In src/nextjs_fe/components/Chat.tsx (our TypeScript component), we manage the user’s selected files in local React state. When they hit send, we package it up:

const handleSendMessage = async () => {
    // Some preamble I'm skipping here

    // 1. Create a FormData object
    // This is a native Browser API.
    const formData = new FormData();
    formData.append('prompt', newMessage.text);
    formData.append('personality', selectedPersonality.name);
    if (sessionId) {
        formData.append('session_id', sessionId);
    }

    // 2. Append the native File objects
    // React state holds the array of native JS File objects
    if (newMessage.attachments) {
        newMessage.attachments.forEach(f => {
            formData.append('files', f); 
        });
    }

    // 3. Send it to FastAPI using streaming endpoint
    // Note: We do NOT set Content-Type header manually
    // The browser automatically sets it to multipart/form-data with the correct boundary.
    const response = await fetch(`${API_URL}/chat_stream`, {
        method: 'POST',
        headers: { Authorization: `Bearer ${token}` },
        body: formData, 
    });

    // Handle the response - omitted here
}

The Backend (Artifact Handoff)

On the server side (src/main.py) FastAPI makes receiving these files trivial using UploadFile. But the real magic is how we hand them off to the ADK.

We don’t just dump these files into a temporary directory. We use the ADK Artifact Service. In src/rickbot_agent/services.py we initialize our service:

from google.adk.artifacts import InMemoryArtifactService

@cache
def get_artifact_service():
    # This creates a singleton service
    # Currently In-Memory, but swapabble with a persistent implementation
    return InMemoryArtifactService()

Then, in our API logic (in src/main.py) we process the upload:

async def _process_files(files: list[UploadFile],
                        user_id: str,
                        session_id: str,
                        artifact_service) -> list[Part]:
    """Helper function to process uploaded files."""

    parts = []
    if files:
        for f in files:
            file_content = await f.read()
            # Assign a handle to this file using the 'user' scope prefix
            artifact_filename = f"user:{f.filename}"

            # Create the part
            artifact_part = Part.from_bytes(
                data=file_content, 
                mime_type=f.content_type)

            # Ask the Librarian (Service) to store it
            # The 'f.content_type' as the source of truth for MIME type
            await artifact_service.save_artifact(
                app_name="rickbot_api",
                user_id=user_id,
                session_id=session_id, 
                filename=artifact_filename,
                artifact=artifact_part,
            )
            parts.append(artifact_part)

    return parts

Note that by saving the artifact with the “user” prefix, the artifact is associated with this particular user.
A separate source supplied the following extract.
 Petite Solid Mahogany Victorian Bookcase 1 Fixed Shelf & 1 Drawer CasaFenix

It can be accessed or updated from any session belonging to that user.

But… Why?

You might look at the code above and think: “Dazbo, that is 3 files and 50 lines of code. The Streamlit version was about 10 lines. Why is this better?”

Because of these advantages:

1. No Token Tax

This is a concept from Context Engineering. Because the artifact is stored in a Service, we don’t have to show it to the model every time. We can pass a Reference. The Agent sees: [User uploaded: user:budget.pdf]. If — and only if — the user asks a question about the budget, the Agent uses a tool to load that artifact into its working context. Once the query is answered, the artifact is flushed from the context. We turn a permanent 100k token tax into a temporary, on-demand cost. This is how you make an agent affordable at scale.
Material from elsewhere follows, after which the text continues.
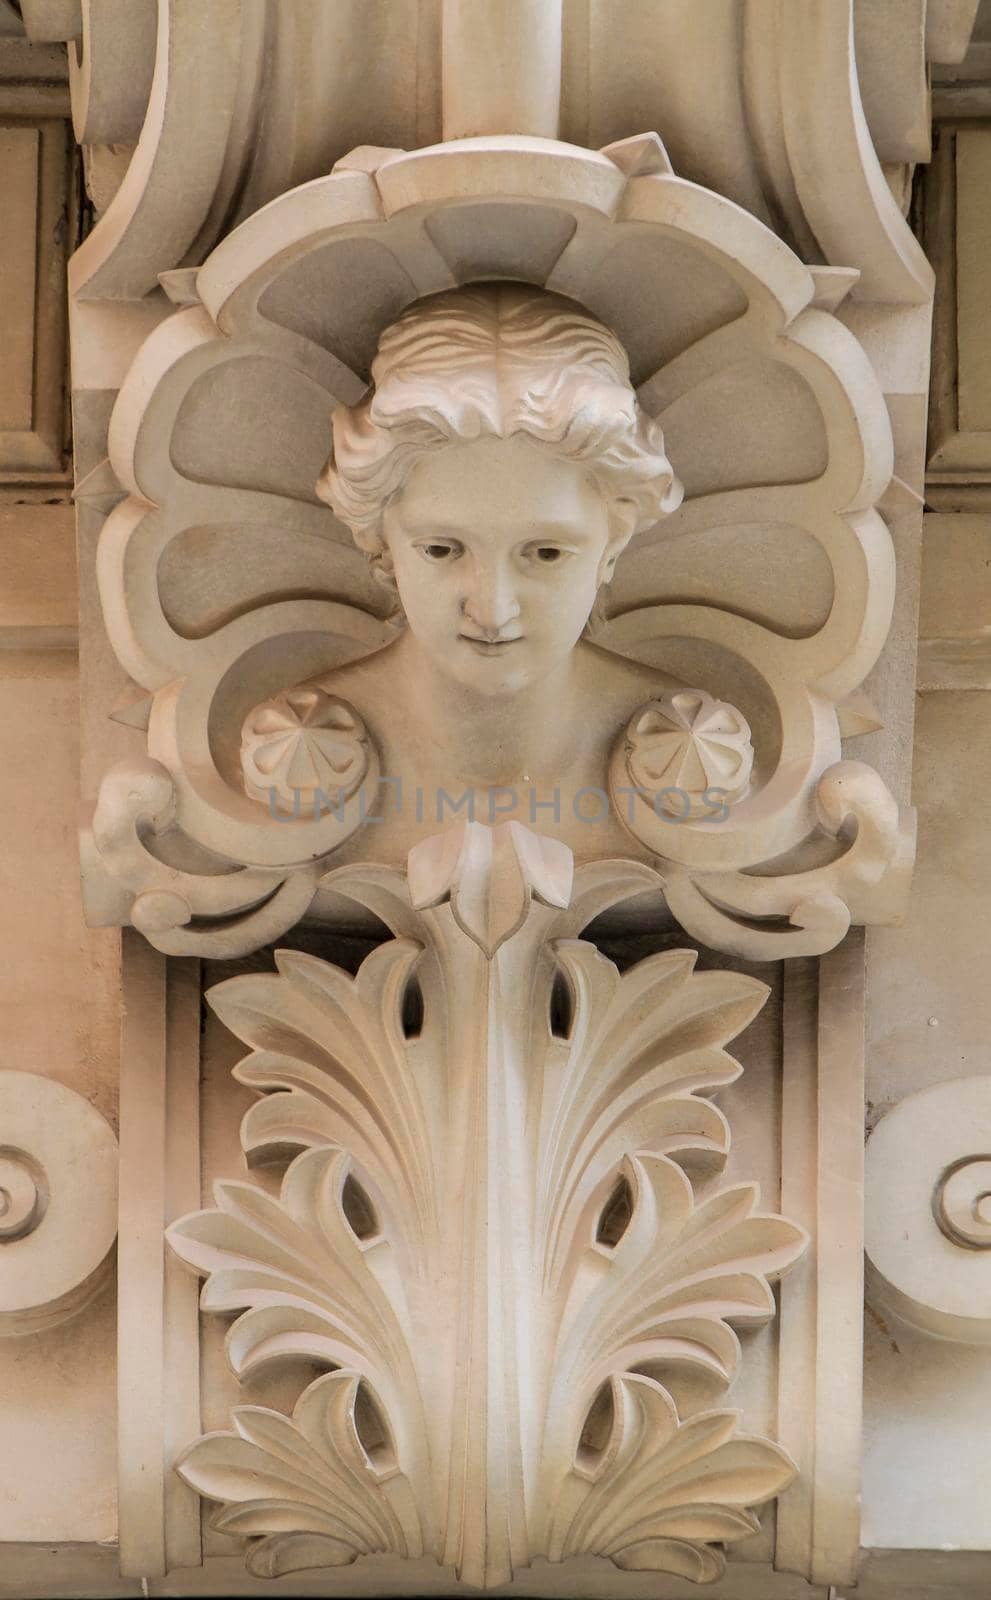 Novelda, Alicante, Spain- September 18, 2021: Carved stone woman face on the facade of the Modernist House Museum in Novelda

2. Addressability — Solving the Ghost Problem

Because the ArtifactService owns the file, we can expose it. We added a simple endpoint to our API:

@app.get("/artifacts/{filename}")
async def get_artifact(filename: str, user: AuthUser = Depends(verify_token)):
    """Retrieves a saved artifact for the user."""

    user_id = user.email
    artifact_filename = f"user:{filename}"
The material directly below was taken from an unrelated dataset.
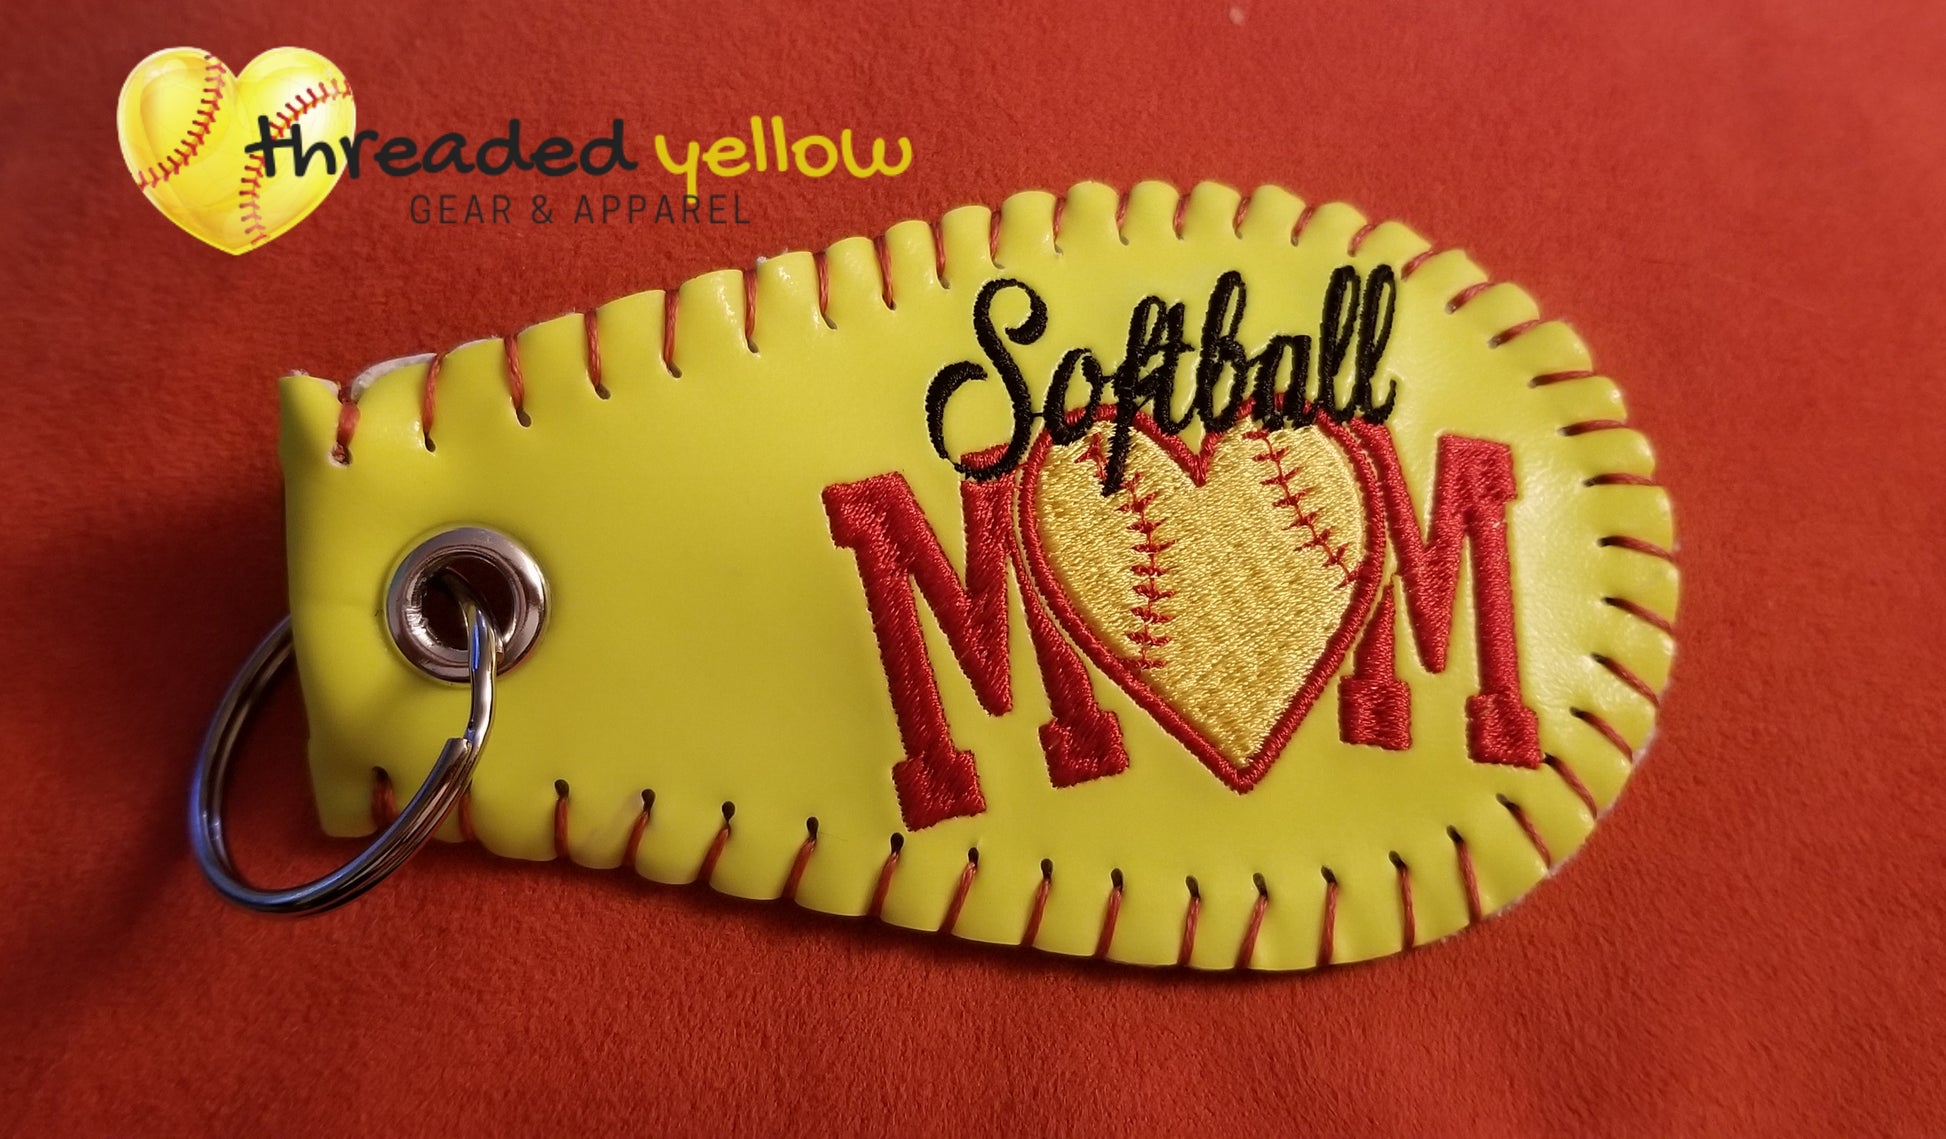 Softball Mom Keychain - Threaded Yellow Gear and Apparel

    # The API delegates to the Service
    # Note: We enforce Auth here! So you can't just guess the URL.
    artifact = await artifact_service.load_artifact(
        app_name=APP_NAME,
        user_id=user_id,
        session_id="none", # Ignored for user: scope
        filename=artifact_filename,
    )
    if not artifact or not artifact.inline_data:
        raise HTTPException(status_code=404, detail="Artifact not found")

    return Response(content=artifact.inline_data.data, media_type=artifact.inline_data.mime_type)

Now, the file is a first-class citizen of the web.

The Agent can generate HTML that links to the image.
The user can download their history.
The UI can render the image directly from the server, rather than relying on local blob URLs.
Other tools can fetch the file via URL.

3. Persistence Abstraction — Future Proofing

This is a killer feature. Right now, InMemoryArtifactService stores files in memory. If I restart the backend server, Rick forgets your memes. This is fine for Dev, but bad for Prod. But let's say tomorrow I want to deploy this to production on Google Cloud Run. I can't rely on local memory if I want artifacts to persist beyond a single session.

A much better option is to persist those artifacts somewhere durable: enter Google Cloud Storage (GCS). If I wanted to implement GCS-backed storage in the Streamlit implementation (without using ADK Artifacts) I would have to rewrite my entire file handling logic. I’d need google-cloud-storage libraries, I'd need authentication handling, and so on.

But with ADK Artifacts I only need change one line of code in src/rickbot_agent/services.py to use a different Artifact Service implementation:

from google.adk.artifacts import GCSArtifactService

@cache
def get_artifact_service():
    # ONE LINE CHANGE!
    # The rest of my application (API, Agent, Frontend) has NO IDEA this changed.
    return GcsArtifactService (bucket_name="rickbot-production-uploads")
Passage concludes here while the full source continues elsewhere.